The hospital where you are being treated should give you information about needed A&E services as you will need to skip to front of que if unwell as your immunity will be low at times. Hence my getting sepsis.
good luck with treatment. You can do this with support.
27-03-2017 03:12 AM
I was just diagnosed TNBC IDC a few days ago. I've been scared out of my mind, especially when I get to looking at stuff online about it. I'm 39 with 3 beautiful little girls, which is making it so much harder worrying about their future and how they'll be so scared when they find out. I can't stop my mind from racing around, thinking I have cancer everywhere, and that I'll be back every year for reoccurence. MRI is tomorrow. Haven't eaten or slept decently since the first doctor said, "yup, that lump feels like cancer" a few weeks ago.

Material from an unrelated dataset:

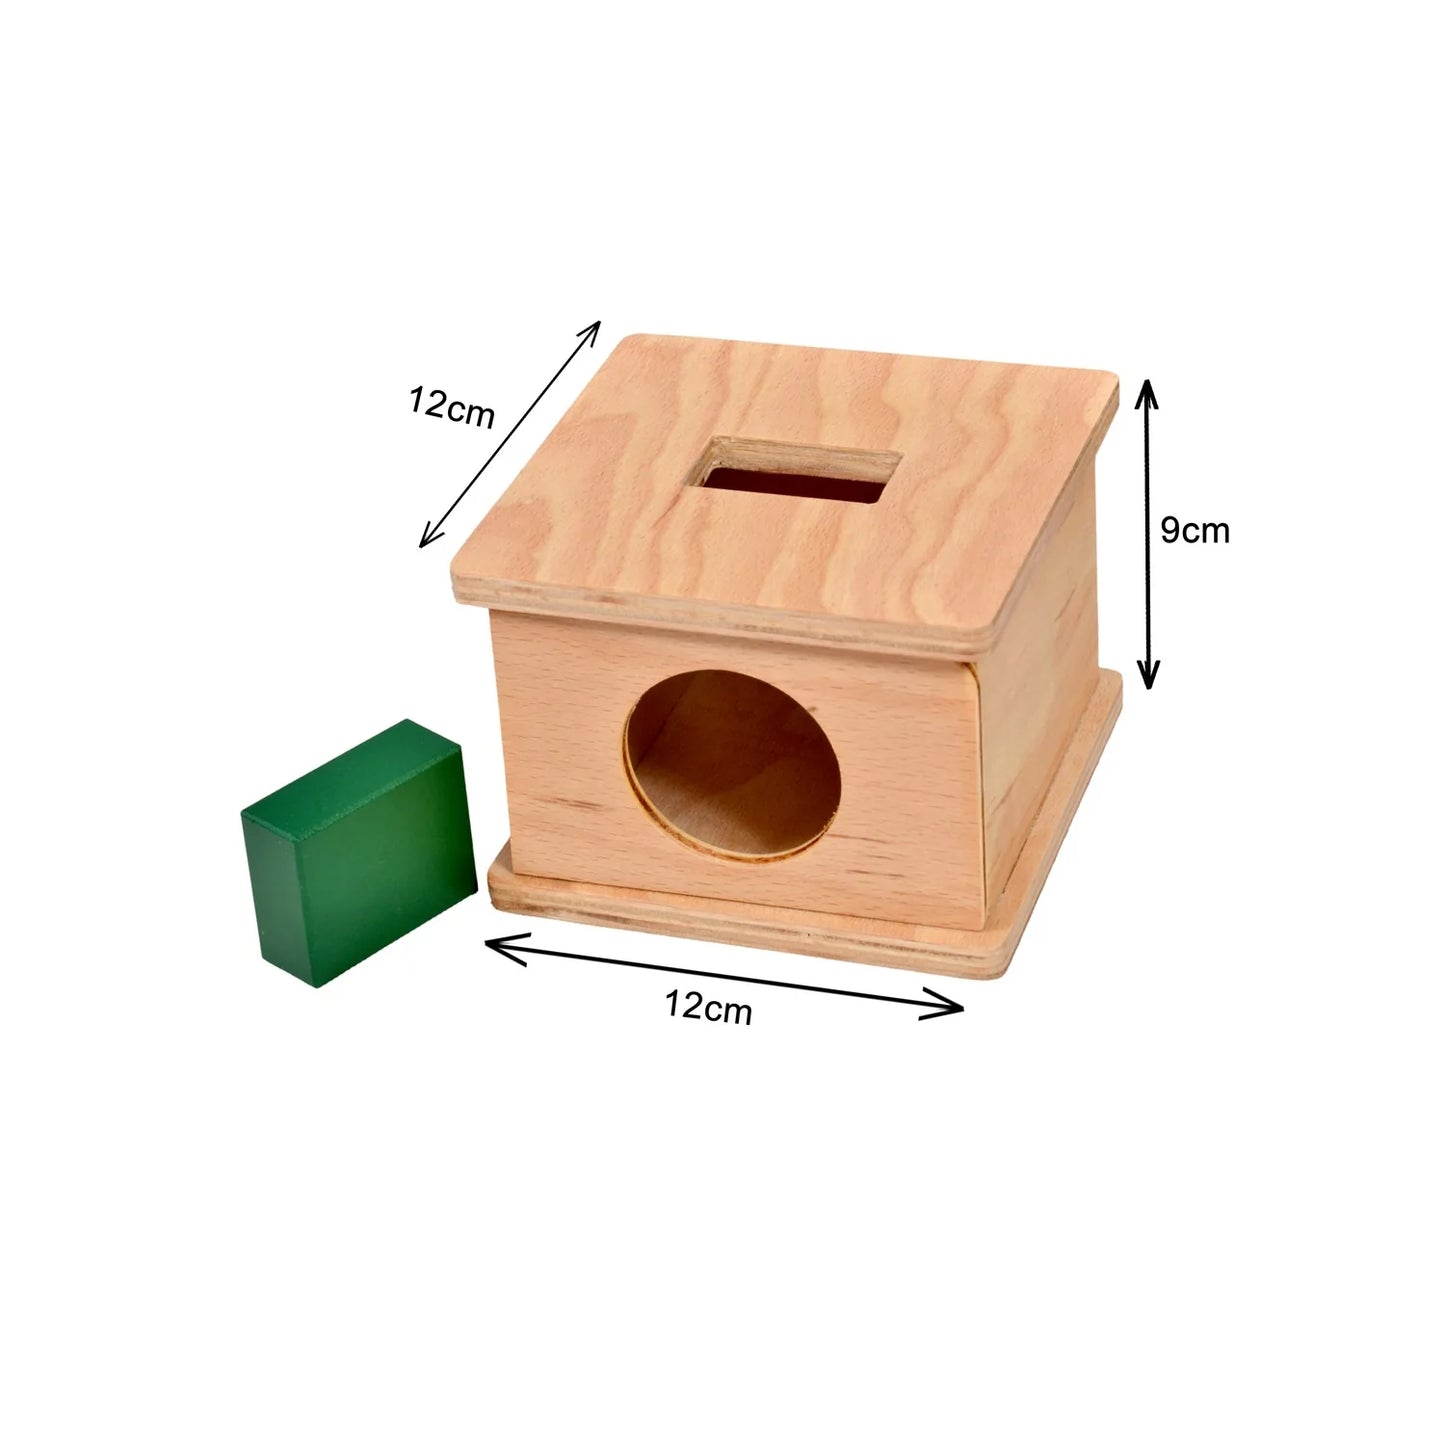 Montessori Imbucare Box With Rectangular Hole Wooden Toy

I just wanted to tell you that this forum has been so helpful to just read. You are an amazing group of women that are flowing with this whole thing so well. I'm in the US, but the local forums are just freaking me out with all of the bad news. Thank you for keeping the positive attitudes going here. There are people like me who are reading this, trying to get a grasp on their new reality, and are still too afraid to step out and join a community. Please keep as much good news coming as possible. I know I'm going to need all of the positive news I can get.